Possible roles of SFKs and tyrosine phosphorylation of α7 receptors in CNS neural circuits

Because SFK and phosphatase activities are highly regulated by different signals (Thomas and Brugge, 1997), the control of the end level of phosphorylation offers a possibility of fine-tuning α7 receptor activity. This could play a role in various α7 nAChR-mediated processes. At the cellular and synaptic level, calcium influx through α7 receptors activates various downstream signaling pathways (Dajas-Bailador and Wonnacott, 2004). To control such activation and avoid calcium toxicity, the activity of α7 receptors must be precisely controlled and may involve (de)phosphorylation.

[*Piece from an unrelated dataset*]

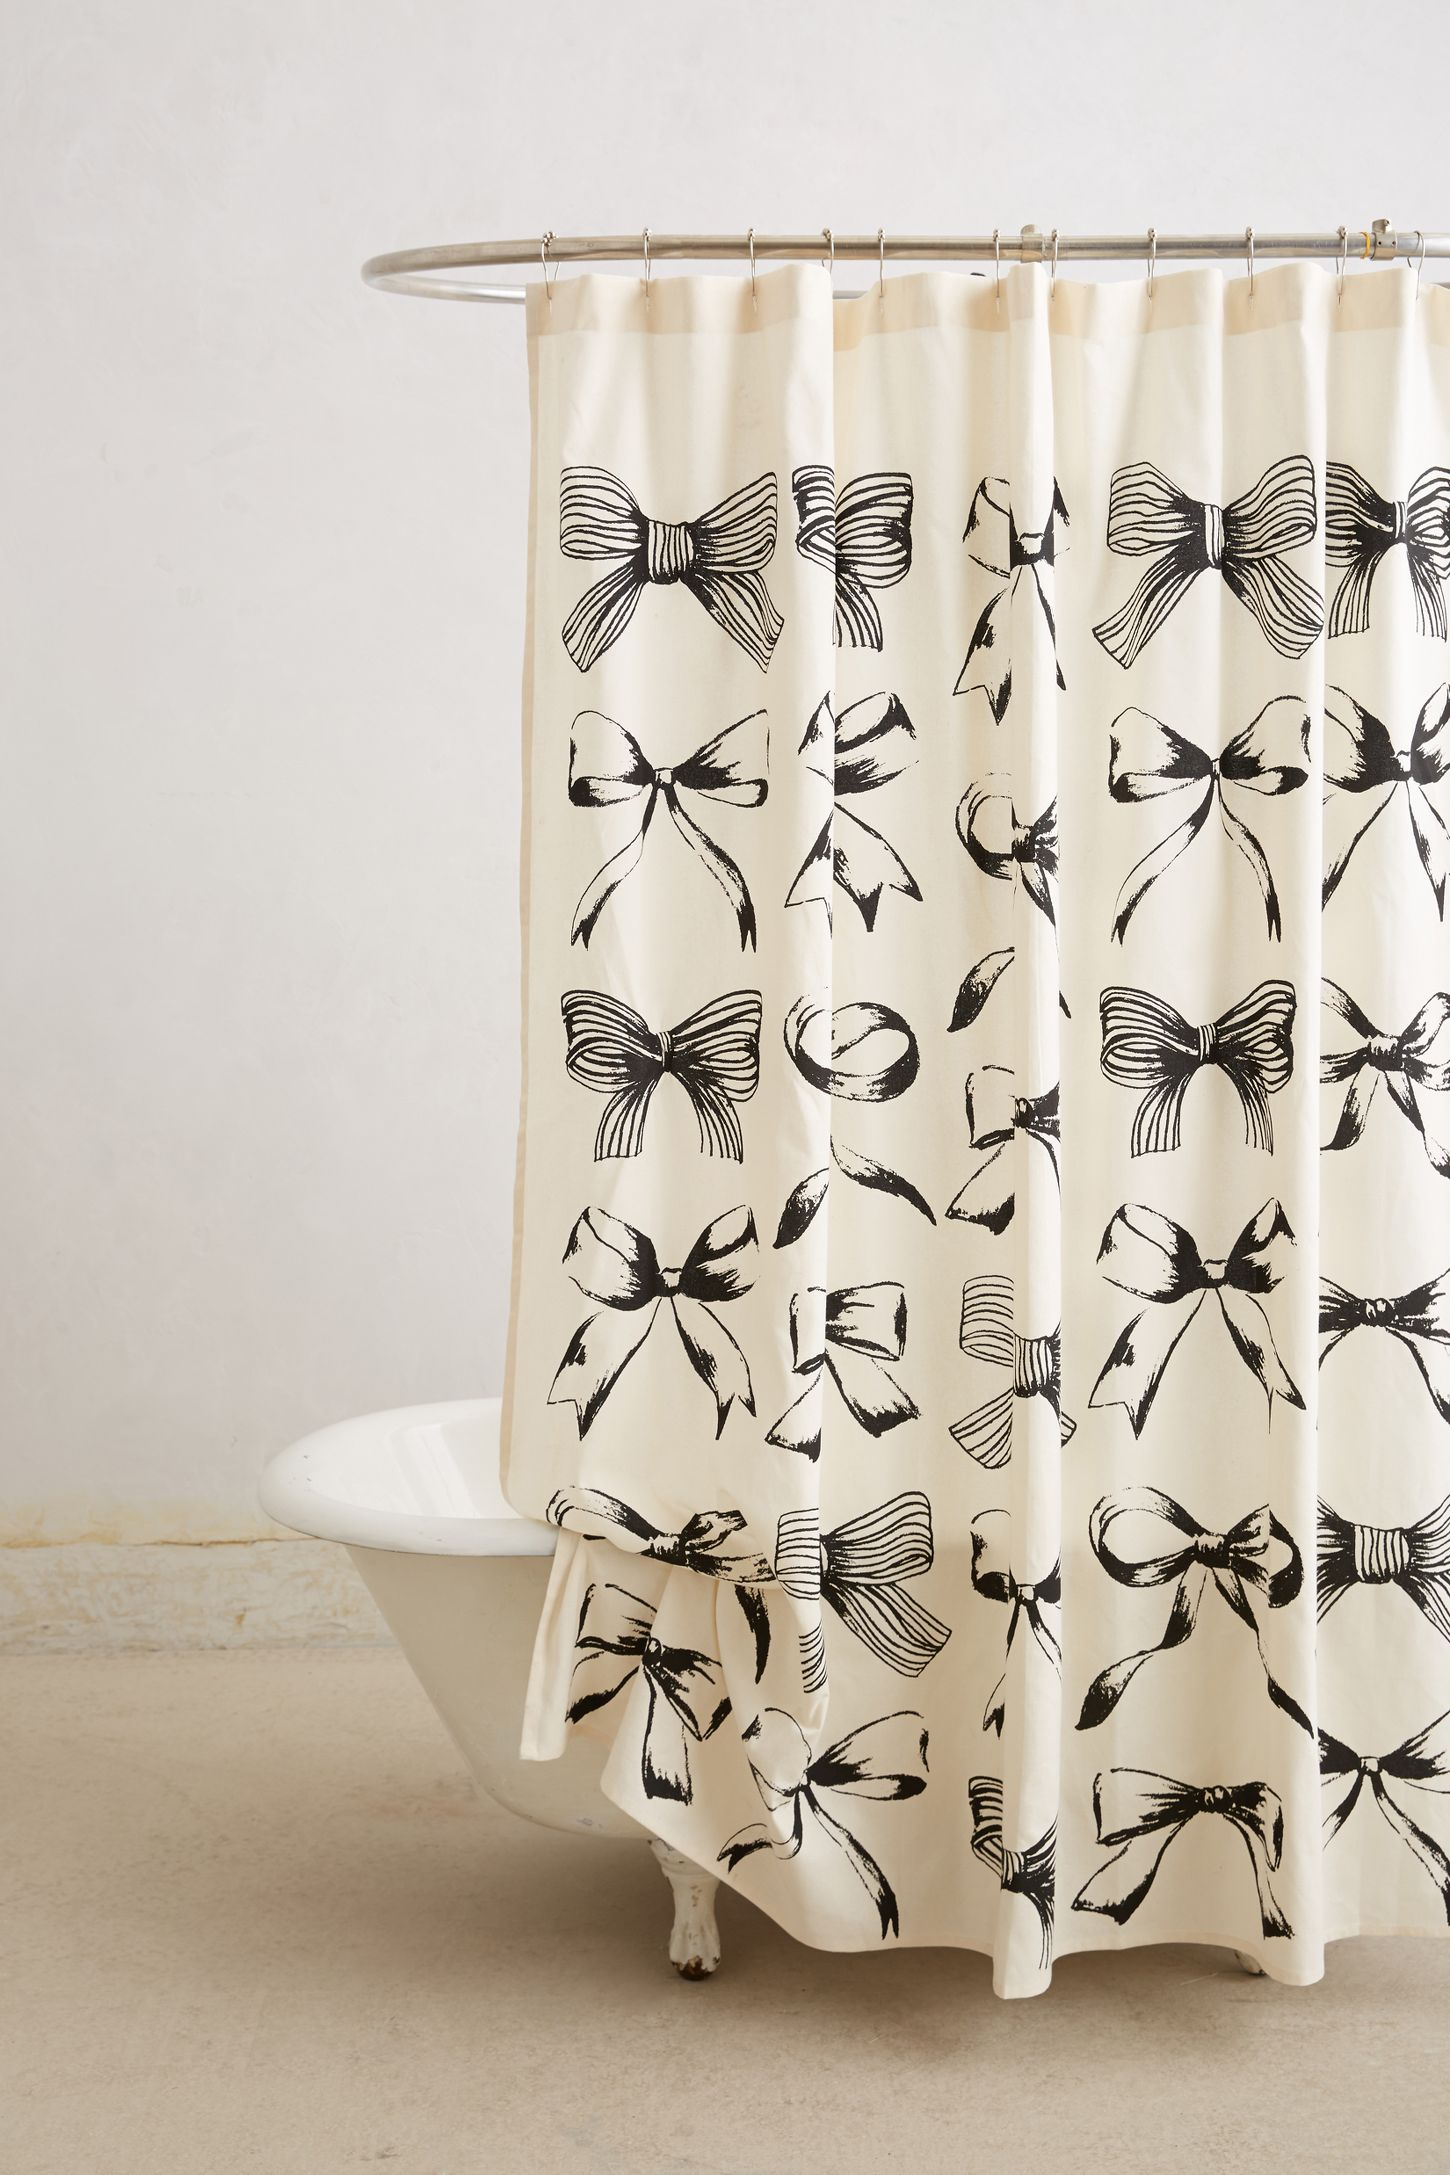 Anthropologie floral shower curtain - Anthropologie Floral Shower Curtain 39
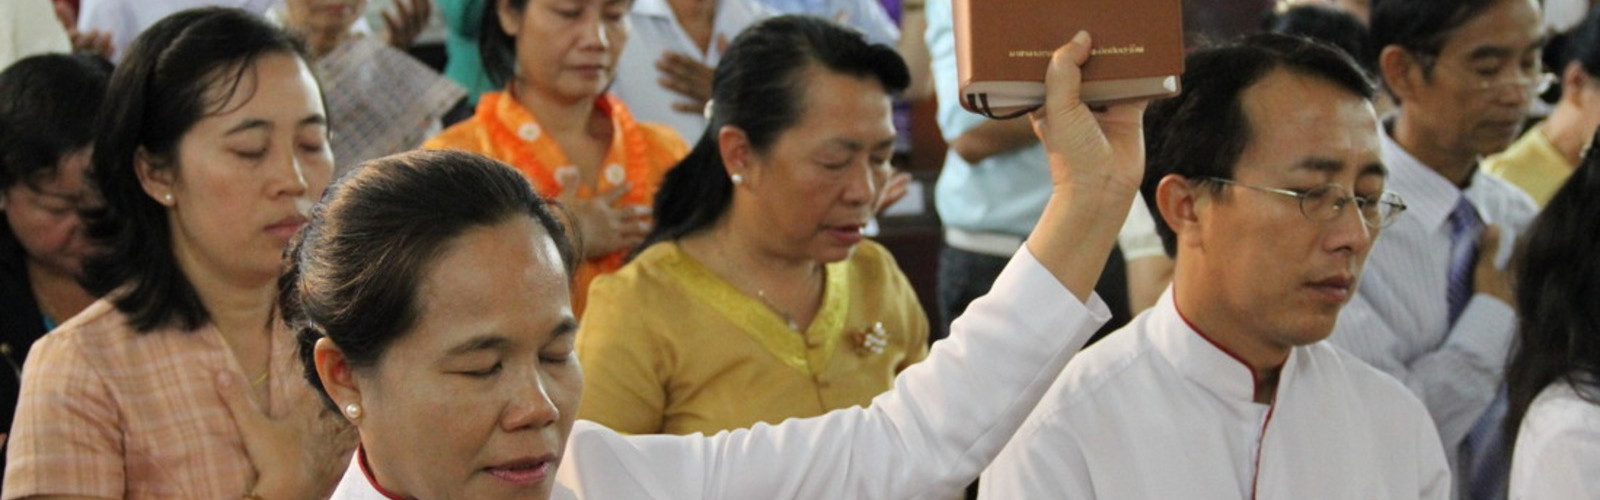 ACN LAOS cristiani arrestati ok

At the neuronal circuit level, it is interesting that phosphorylated α7 nAChRs are less active: this is in contrast to NMDA receptors, which are potentiated by Src and tyrosine phosphorylation (Yu et al., 1997), but similar to shaker-type voltage-gated potassium channels, which are inhibited by vSrc (Holmes et al., 1996b; Nitabach et al., 2002). α7 nAChRs and NMDA receptors have some overlapping functions, because both receptors are highly permeable for calcium and important in CA1 hippocampal LTP (Lu et al., 1998; Dani, 2001; Ji et al., 2001). SFK activation may thus act in LTP induction in several ways: by potentiating NMDA receptors in pyramidal cells (Lu et al., 1998) and by con-comitantly inhibiting postsynaptic α7 nAChRs in GABAergic interneurons, thereby facilitating disinhibition of pyramidal cells. Such a model is supported by our finding that SFK inhibition in hippocampal slices increases the α7 receptor activity in CA1 interneurons. The activity of postsynaptic α7 receptors on hippocampal inhibitory interneurons is also linked to auditory gating (Jones et al., 1999; Martin et al., 2004). It would be interesting to determine whether α7 phosphorylation influences the gating process, changes of which are strongly associated with schizophrenia. Regulation by phosphorylation may also be important for presynaptic α7 nAChRs that control neurotransmitter release.

Such mechanisms, using presynaptic and/or postsynaptic α7 nAChRs, can allow neurons to regulate the weight of their synaptic transmission, allow neural circuits to undergo plasticity, and fine-tune neuronal survival. In this sense, α7 phosphorylation mechanisms could be seen as a higher hierarchical possibility to modulate activity and signaling in neural networks. Such modulation may form a basis for the various emerging roles of α7 nAChRs from synaptic to systems level, including addiction, memory, and neurological disease.